Seriously.  I needed an artistic hobby that I could do on my own time and on my own schedule.  

So around 4 years ago, I decided to try my hand at photography.

At first I just wanted to photograph events and parties, but shortly after I started to get into cityscape and nature photography. 

Once I found landscape photography I was all in.


----------



## Hooligan Dan (Sep 26, 2010)

I got started in high school by taking classes. About a year out of high  school I got a job as a part-time photographer for a daily newspaper.  Worked there for two years before going to school. After school I  returned to the paper(3 years ago) and Ive been there since, working my  way up to now being chief photographer.


----------



## FireGirl_Photography (Sep 26, 2010)

At 20, I wrote an investigative article for a national publication and thought "Gee, I bet I could shoot images to support this..."

Haven't stopped shooting since!


----------



## eloisecox12 (Sep 27, 2010)

I grew up knowing that I belonged in the Arts, however, the folks had a different plan for me that included law school.  I did keep plugging away at my design work and somewhere along the way I found Fine Art photography.  It has been just in recent years that I started doing childrens portraits, and also pets. I shoot digital for the most part, but I still feel B & W film is superior to digital conversions, and I love being in the darkroom.  I think the darkroom is what really hooked me.


----------



## Laurel (Sep 27, 2010)

I always loved taking snapshot-style pictures but in high school I needed a fine arts course and I can't draw or carry a tune so I jumped at the chance to take photography. Two years of black and white 35mm and I was in love. After high school I got my first digital camera and I work in a field that demands technical photos, but it wasn't until recently that I got back into the more artistic side.


----------



## Greasy (Oct 15, 2010)

I was moving to Oman in 2008 to study for 5 months... figured I should have a camera to document it. My last camera was a 1.2mp Canon (back in like 2002). I bought myself an XTi, knowing nothing about it. Even now, my photography is pretty much limited to when I travel. 

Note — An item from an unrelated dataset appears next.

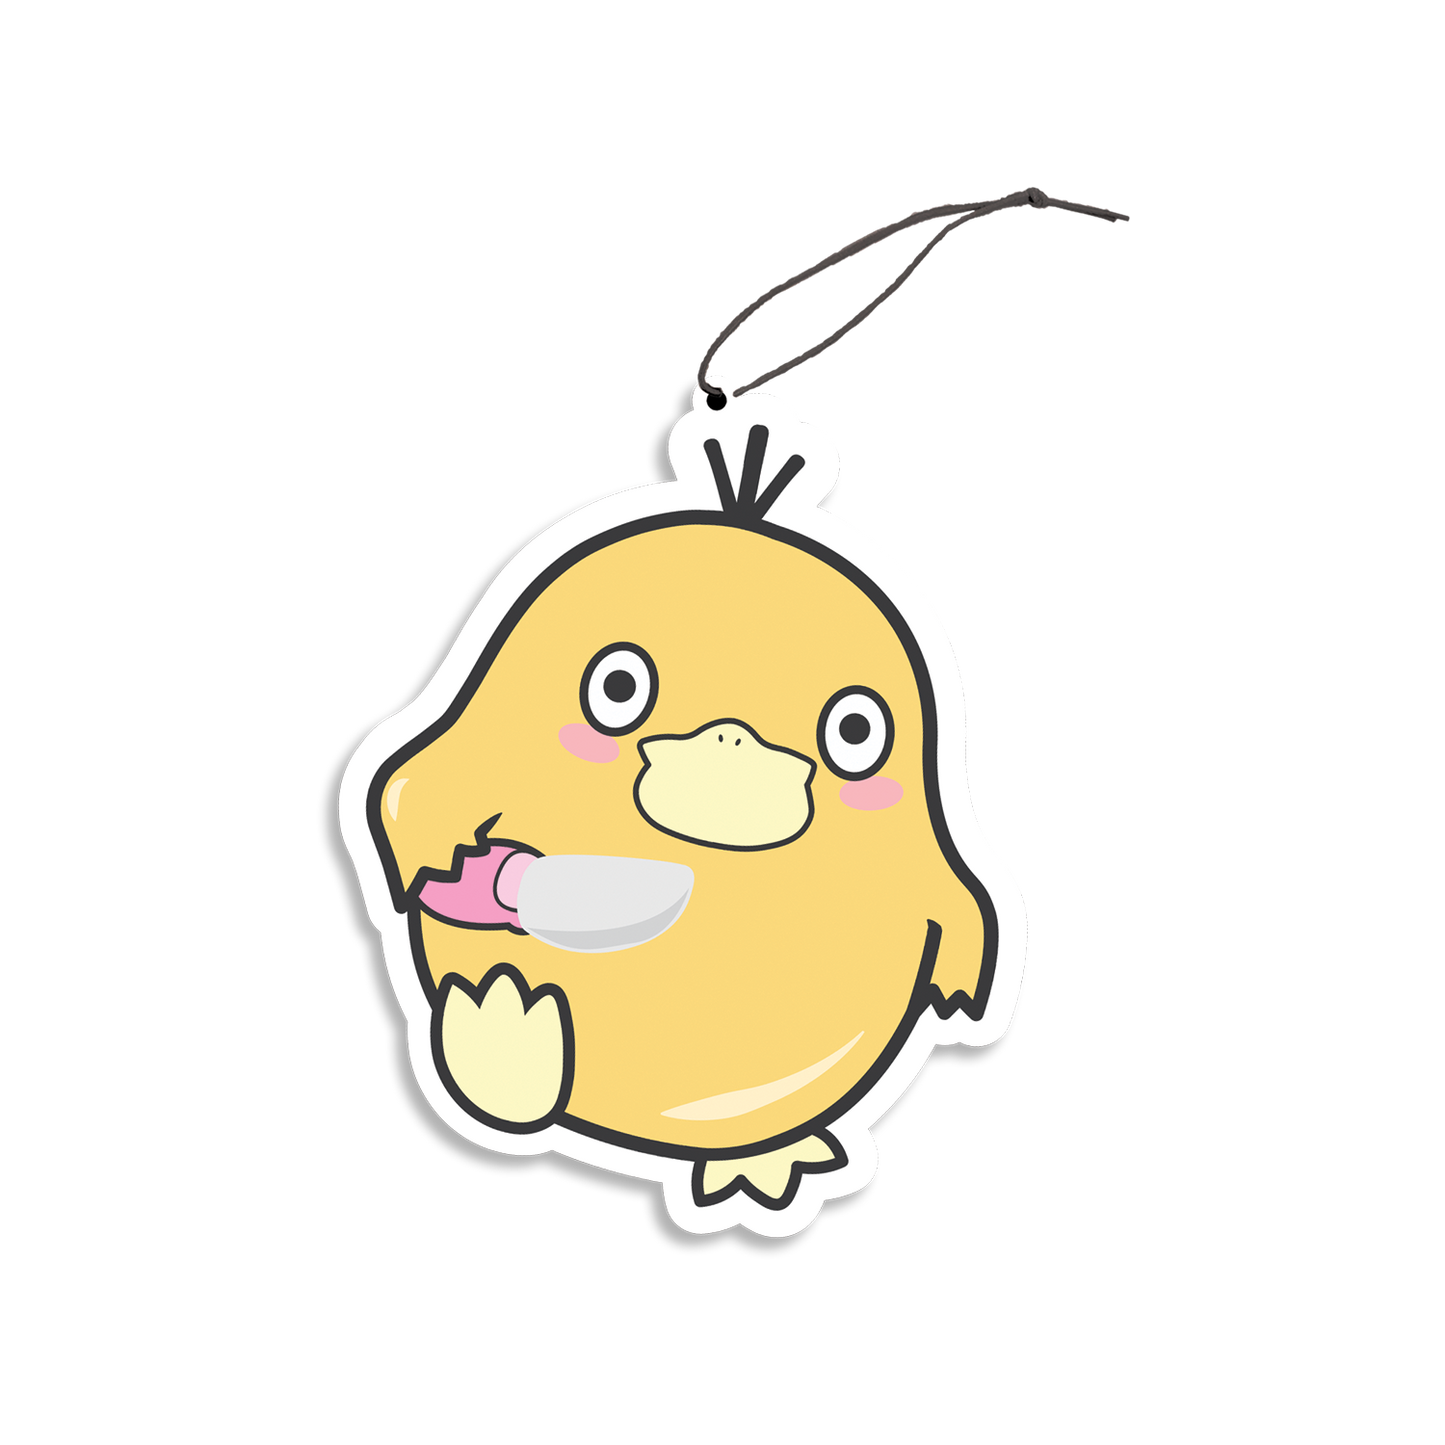 Psyduck with Knife Air Freshener design includes Pokemon Psyduck holding a knife.

Had my XTi stolen in Jordan this past summer, so I figured I was done with photography. I just found out that I'm moving back to Oman next month, so I went and bought myself a new camera.


----------



## jackiejay (Oct 15, 2010)

I got started in my younger years at school grew up married had kids the wife/mom photo thing I just recently got an SLR and I do it for more of a hobby something to get me out of the house(Have 3 grandchildren living here with us 1 who is 5 2(TWINS)who are a year old my second time around with babies in the house lol so this keeps me from loosing my mind lol


----------



## dcmoody23 (Oct 15, 2010)

I bought my camera looking to enhance my portfolio for art school (I'm in my senior year of high school), but now I'm addicted and have completely stopped drawing, painting, and sculpting.  Hah, oh well.. Probably will pick that back up in the winter


----------



## dennisgg (Oct 15, 2010)

My dad was a shutterbug (as was my uncle) even when he was younger and single.  He had a camera before, but I remember his story of buying a Kodak Retina IIa from Germany in the early 50's when he was stationed there during the Korean War (Air Force).  When he had kids (I am almost 45 now) he got a Minolta SRT-101 setup and took 1000's of slides.  He bought us kids Diana cameras.  I later started collecting antique cameras and photographic paraphernalia (had 800+ cameras which my brother-in-law on my wife's side was going to sell on ebay doing the work - he didn't get to it because of health and all were lost in a flood - I got nothing) and learned mostly on a Kodak 35 from the 1940's (manual everything - focus by guessing distance, no meter, don't forget to wind!).  I later got a Canon FTb, then AE-1, and T-70.  I got out of it during when I got married due to film/development costs.  We got an Olympus D-700UZ digital, but I didn't use it for fun because of the slow response.  My wife got me back into it with a Rebel XT and have been doing since (got used 20D and 10D, now have a 7D).  

Sorry - long


----------



## ironsidephoto (Oct 25, 2010)

My uncle gave me an old Nikon N6006 for Christmas in my junior year of high school. That was about 6 years ago.


----------



## JLEphoto (Oct 25, 2010)

Well, True Believers....  I got started when I was about 8 years old.  Spider-man was (and still is) my favorite superhero.  Peter Parker is a photographer so naturally I gravitated that direction.  My parents bought me a Canon point and shoot and I have been hooked ever since.  That was in 1981...  sigh....  I am getting old........However, I can afford better toys now (just got a D700)!!!


----------



## Azeronstudios (Oct 26, 2010)

I always had a certain perspective on things. When I was younger I liked to envision ways to make photos really stand out. Some are good and some are, well... awful ideas. The issue was that I didn't have a camera of my own until I was 19. Yeah, kind of late on that one but I practice often and love it so much. 

I was showing one of my friends, who does modeling on the side, some of my work and she had suggested that we do a photo shoot. Now, I'm not big on the fashion scene but thought it be good practice so why not. It went pretty well and I hold the final pictures as some of my best work. I also had a modelmayhem.com account for a while but nothing came of it.

Right now I want to take some classes in it and just take photos for fun. I like working on my photostream for Flickr and some messaging boards now.
Some of the happiest days of my life have been spent with a camera in my hands.


----------



## EnglishBob (Mar 13, 2016)

Started with a Kodak Instamatic X77 when I was 10 years old, mainly took pictures when I was hiking in the Derbyshire Dales to remember what I had seen and where I had gone.  Got my first Digital Camera in 1998 (another Kodak) and started to shoot much more.   Really got serious after moving to the US in 2001, was hard not to living on Yosemite's doorstep.  Shot my last roll of Film in 2007.


----------